Not the interfaces :-)  You can be sure that I'll document everything 
when I'm more satisfied with the whole thing.
I am really interested in the discussion about putting non-solvable data 
in the solver, or how to define solvable data, for example vendor can be 
used for solver policies (cross vendor upgrades), sizes can be use by 
solver for installation summary, etc. and at the same time they cost 
time and space.
I agree that an attribute store and the solvable data structures need to 
be integrated somewhat, exactly for the reason you state, sometimes a 
solver (or something sitting on top of it) needs to know assorted 
information about solvables for whatever it wants to achieve.

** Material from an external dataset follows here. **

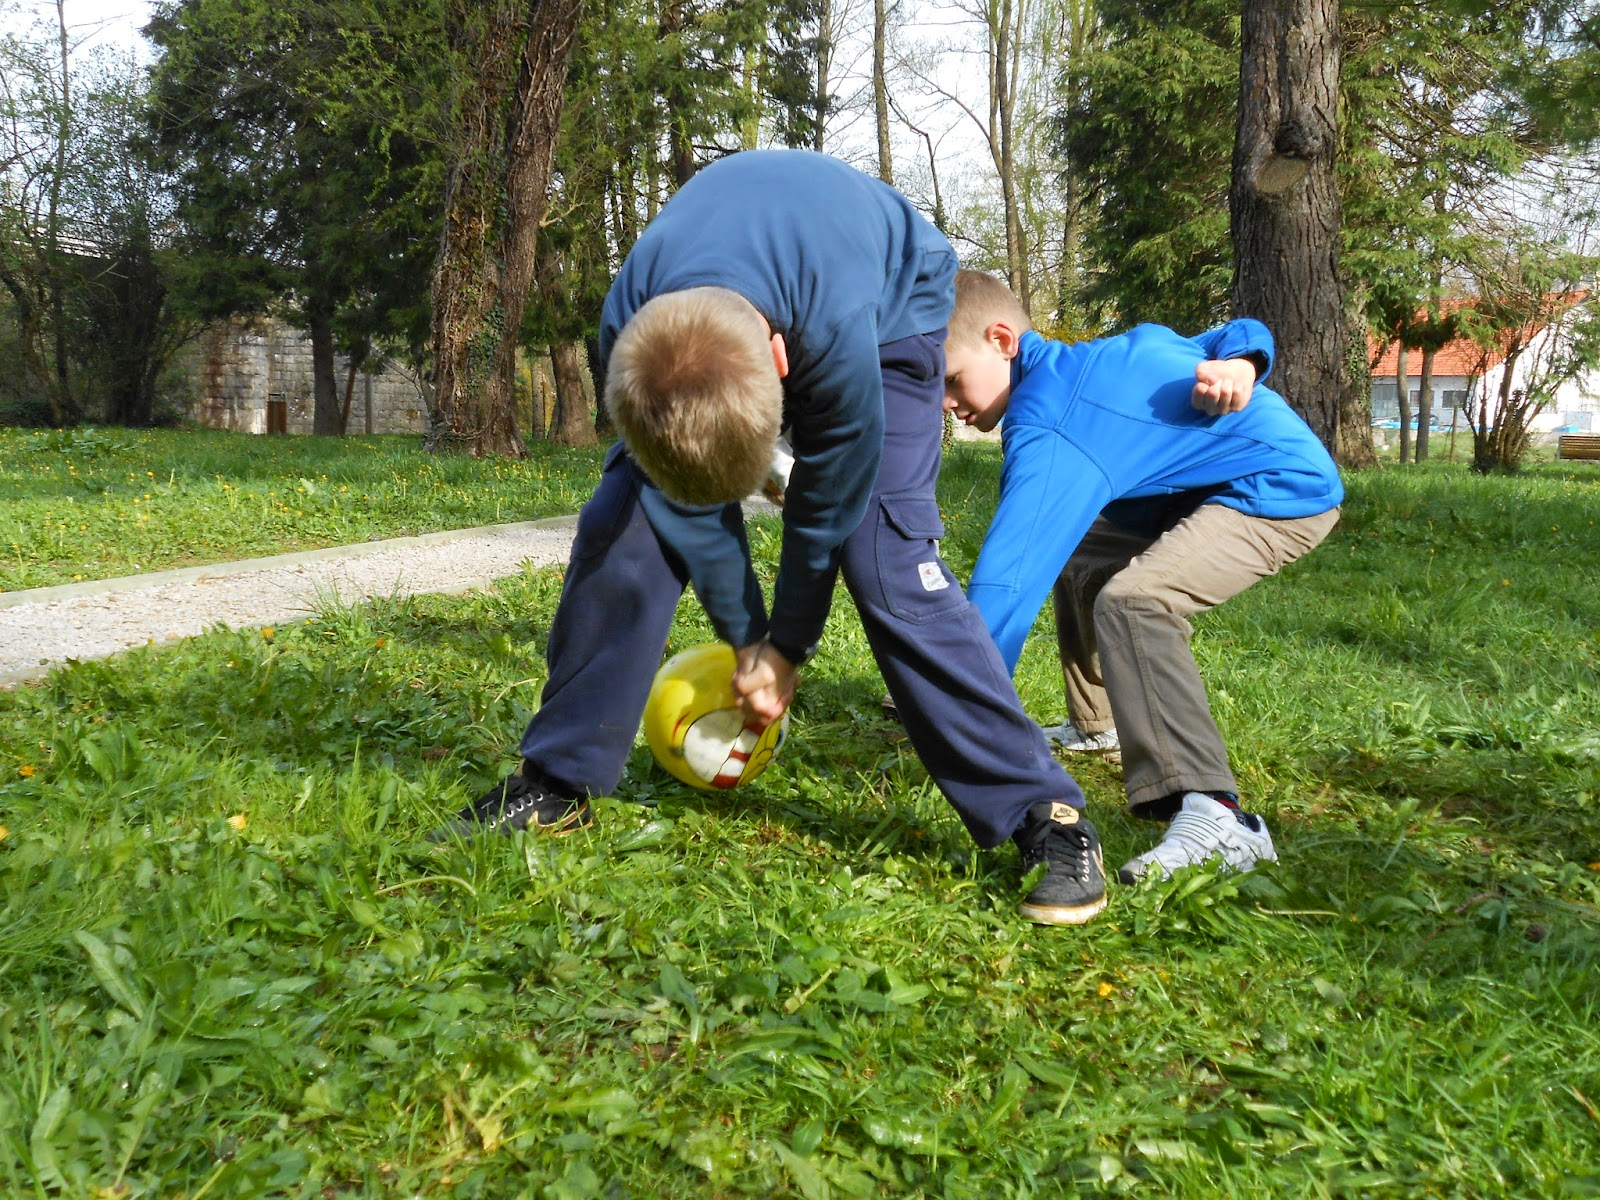 Športni dan 4. razred, 4. april 2014, Ilirska Bistrica - DSCN3326.JPG

A common theme for such information is that it's used only relatively 
seldomly (e.g. only when there are several alternatives, which are 
completely equivalent from a dependency perspective, but for which other 
information could provide guidance which of the alternatives would be 
preferred).  I.e. it's used only when the depsolver itself can't determine 
everything on it's own.  To that end such additional information usually 
is only accessed on demand.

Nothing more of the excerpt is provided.